→ THE TASK
Below are the entries; tally the lines holding the string "Stock" and give only that figure.

DATA SUPPLIED Start Marker

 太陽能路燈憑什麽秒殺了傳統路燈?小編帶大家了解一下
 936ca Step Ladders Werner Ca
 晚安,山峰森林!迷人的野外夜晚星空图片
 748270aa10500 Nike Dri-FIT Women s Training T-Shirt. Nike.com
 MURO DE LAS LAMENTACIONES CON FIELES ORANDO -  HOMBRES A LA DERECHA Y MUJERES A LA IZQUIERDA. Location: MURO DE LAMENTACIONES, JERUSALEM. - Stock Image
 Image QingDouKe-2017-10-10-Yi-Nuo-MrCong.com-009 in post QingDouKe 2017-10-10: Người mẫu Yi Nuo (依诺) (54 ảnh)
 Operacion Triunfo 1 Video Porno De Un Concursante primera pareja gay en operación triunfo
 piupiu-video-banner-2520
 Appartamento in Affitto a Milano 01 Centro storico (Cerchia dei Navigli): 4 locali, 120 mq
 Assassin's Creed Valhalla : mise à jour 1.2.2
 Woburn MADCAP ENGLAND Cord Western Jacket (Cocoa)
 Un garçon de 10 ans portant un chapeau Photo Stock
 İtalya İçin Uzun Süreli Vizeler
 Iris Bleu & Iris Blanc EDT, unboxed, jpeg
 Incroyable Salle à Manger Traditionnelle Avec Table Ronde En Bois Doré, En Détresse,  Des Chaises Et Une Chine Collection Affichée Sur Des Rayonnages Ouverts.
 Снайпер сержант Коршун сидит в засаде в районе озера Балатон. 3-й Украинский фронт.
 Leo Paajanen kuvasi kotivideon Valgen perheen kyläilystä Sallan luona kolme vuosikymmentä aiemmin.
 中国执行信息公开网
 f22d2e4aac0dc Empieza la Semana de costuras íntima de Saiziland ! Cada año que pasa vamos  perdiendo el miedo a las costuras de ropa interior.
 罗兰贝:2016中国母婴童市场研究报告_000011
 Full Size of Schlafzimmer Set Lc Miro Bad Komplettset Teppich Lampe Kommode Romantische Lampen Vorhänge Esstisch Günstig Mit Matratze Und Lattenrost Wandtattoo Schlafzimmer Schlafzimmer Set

DATA SUPPLIED End Marker

→ REPLY
2